- The Washington Times - Thursday, March 12, 2009


The number of people who filed for jobless claims for the first time last week jumped to 654,000 and those who receive continuing benefits also increased to 5.3 million, a new record, the Labor Department reported Thursday.

The rise in the number of people who signed up for unemployment insurance for the week ended Saturday marked an increase from the 639,000 first-time filers the previous week, the agency said.

The 654,000 figure was above expectations by analysts and marked the sixth consecutive week in which the number of first-time filers exceeded 600,000, a sure sign that the 15-month-long recession is not ending anytime soon.

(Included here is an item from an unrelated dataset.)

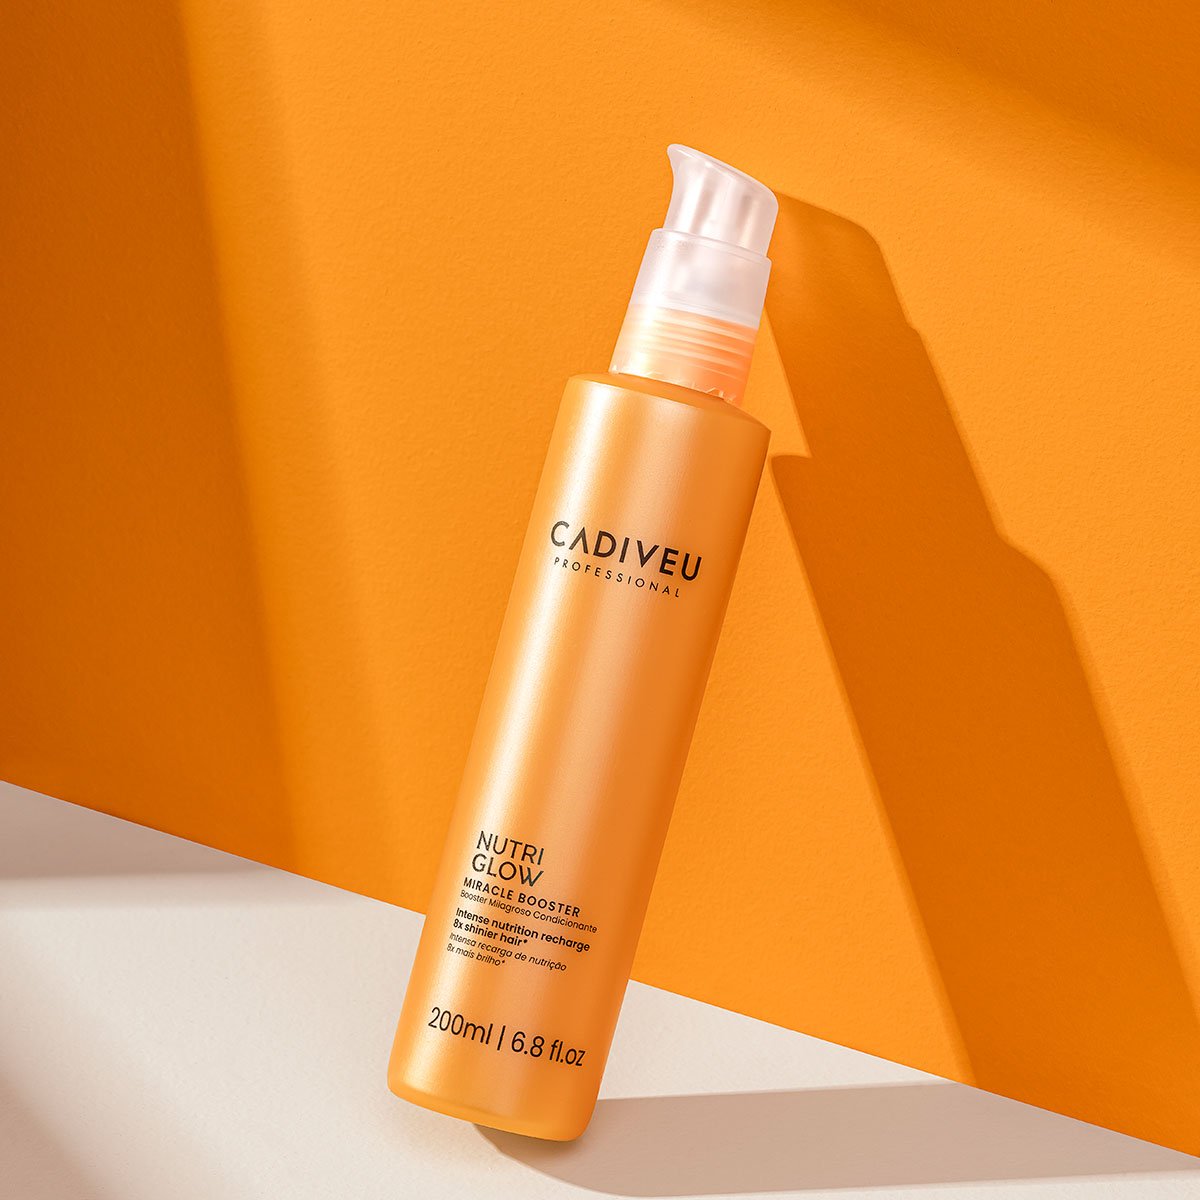 Kit Cadiveu Essentials Hair Remedy Shampoo Condicionador Leave-in Serum e Nutri Glow Booster (4 produtos) ÚNICO 4

The official unemployment rate is 8.1 percent.

In addition, the number of people who continue to receive benefits increased by 193,000 last week to 5.317 million, the most on Labor Department records that stretch back to 1967.

Economists polled by Bloomberg.com expected that the number of first-time filers would increase from 639,000 to 644,000.

The four-week average of new applications, which gives a clearer picture of the number of jobless, went up from 641,750 to 643,250, the highest since 1982, a recession year and the first term of President Ronald Reagan. This recession has been the worst since the early 1980s.

Some economists have predicted that the official unemployment rate will reach the low double digits before the recession over, with at least 9 percent of the labor force out of work by the end of this year.